Does this make any sense in 2023? No. The way people think about the link between beauty and age is stuck in a time when women were seen as having only one function on this planet. That time is over. Women who have lived long lives, who have learned all kinds of things, are beautiful, their beauty enhanced by life. Do we look dewey and fresh, waiting for life to open up for us? No. Do we look elegant and powerful, in control of our lives? Yes. Who wouldn’t want that? And by the way, age is not just a number. Age is a marker of accomplishment.

Of course, we take care of ourselves. We use whatever products make us look healthy and strong. We are all about image, after all. But goods and services that make you gorgeous have nothing to do with anti-aging. They are pro-aging. People like us—women who are active and engaged, having built on our long careers—look our age, and our age looks just great. We plan to keep it that way.

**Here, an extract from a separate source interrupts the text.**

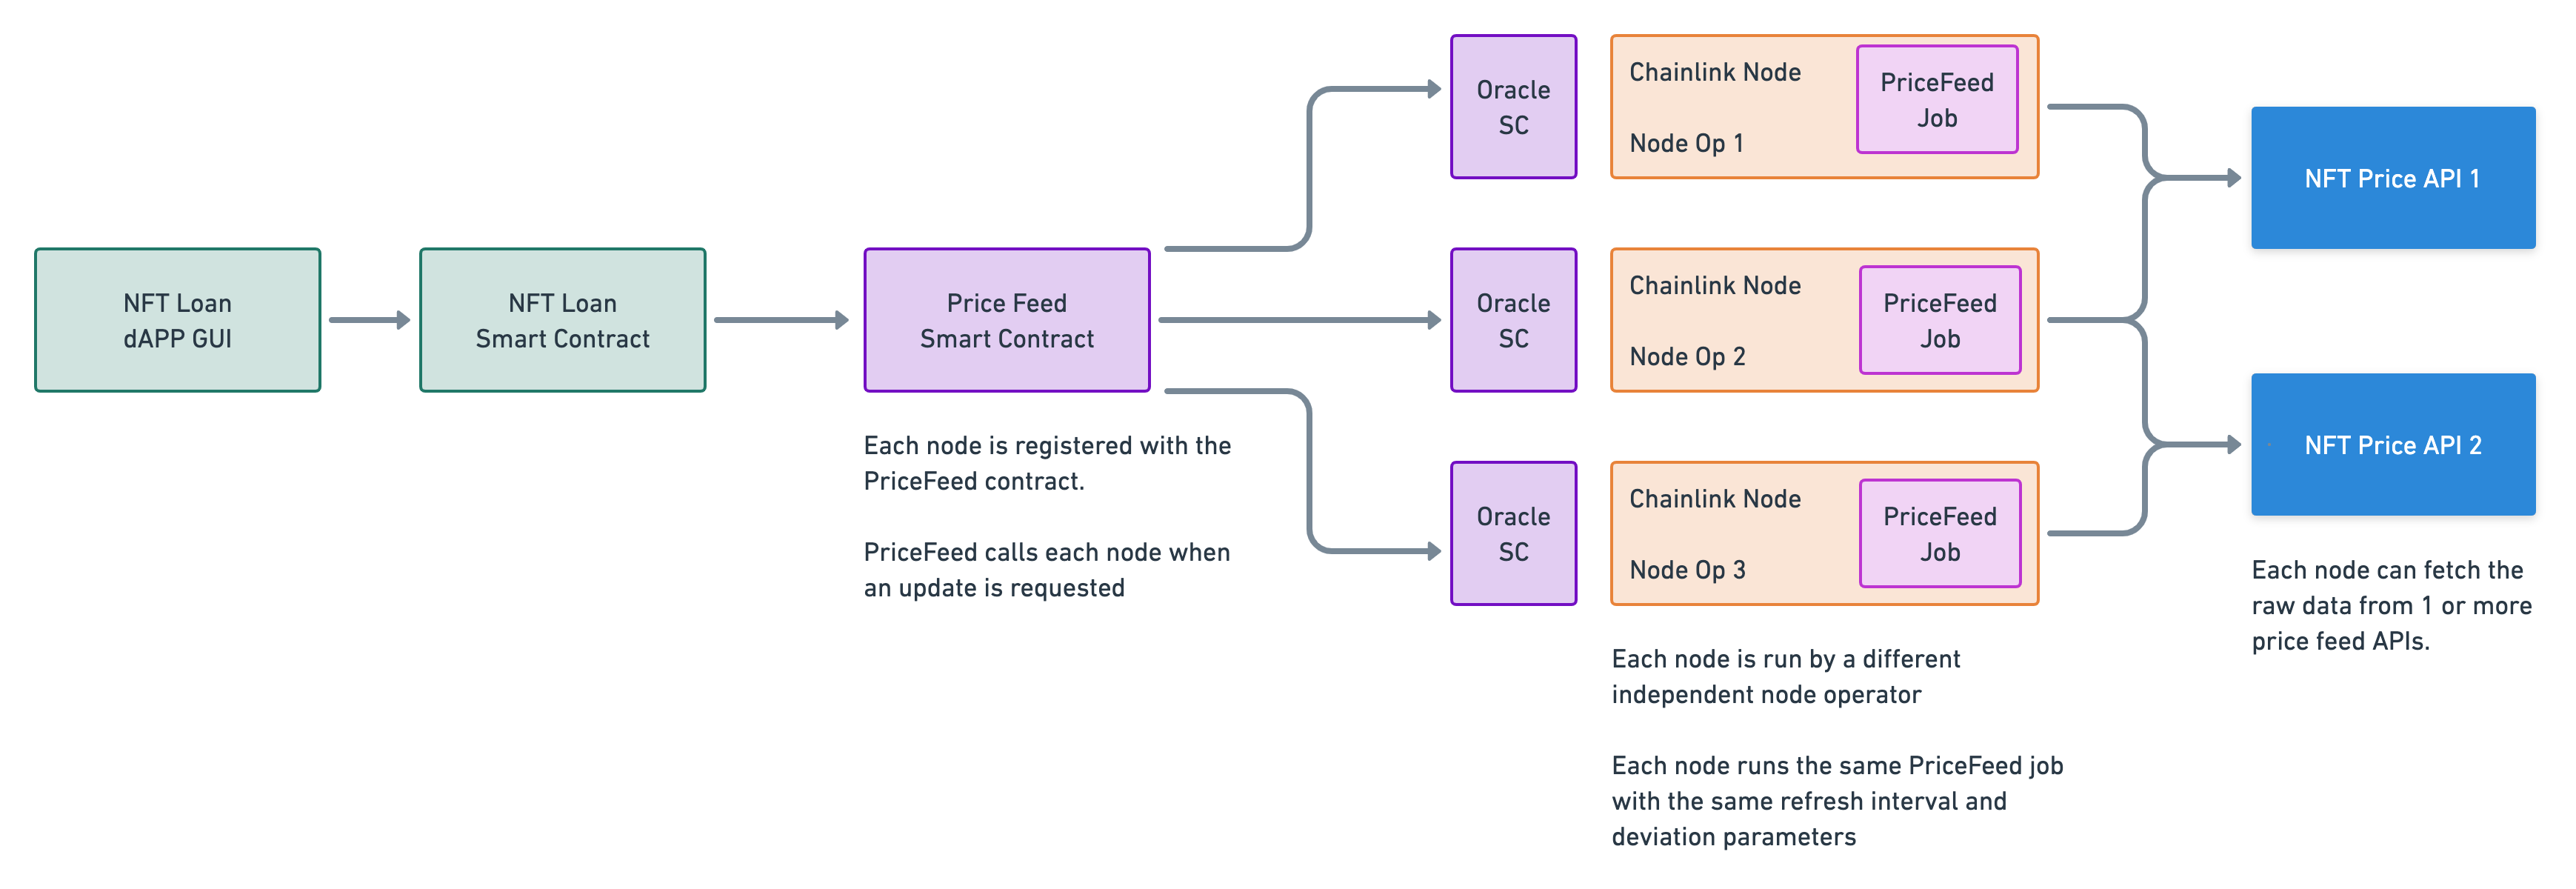 Ad-hoc price feed using multiple nodes to form a DON.

There is only one real anti-aging route, and most of us do not want to use it. Otherwise, if you are lucky, you will age. It will be obvious. You will start to glow, reflecting the piling on of years of life. You will know a lot, and that will show, for sure. You will throw caution to the winds. You will become friends with people you never would have met before. You will do things you would have been scared to do when you were younger, like traveling alone to an exotic country. You will start a business—for retired career women. You will wear red, even though people told you not to, and you will wear red with purple. And, yes, your face and body will look like the layered and luminous person you are. You have earned your cool and the right to flaunt it.

So get out there and let them see what 60, 70, 80, 90 looks like. Make them envious!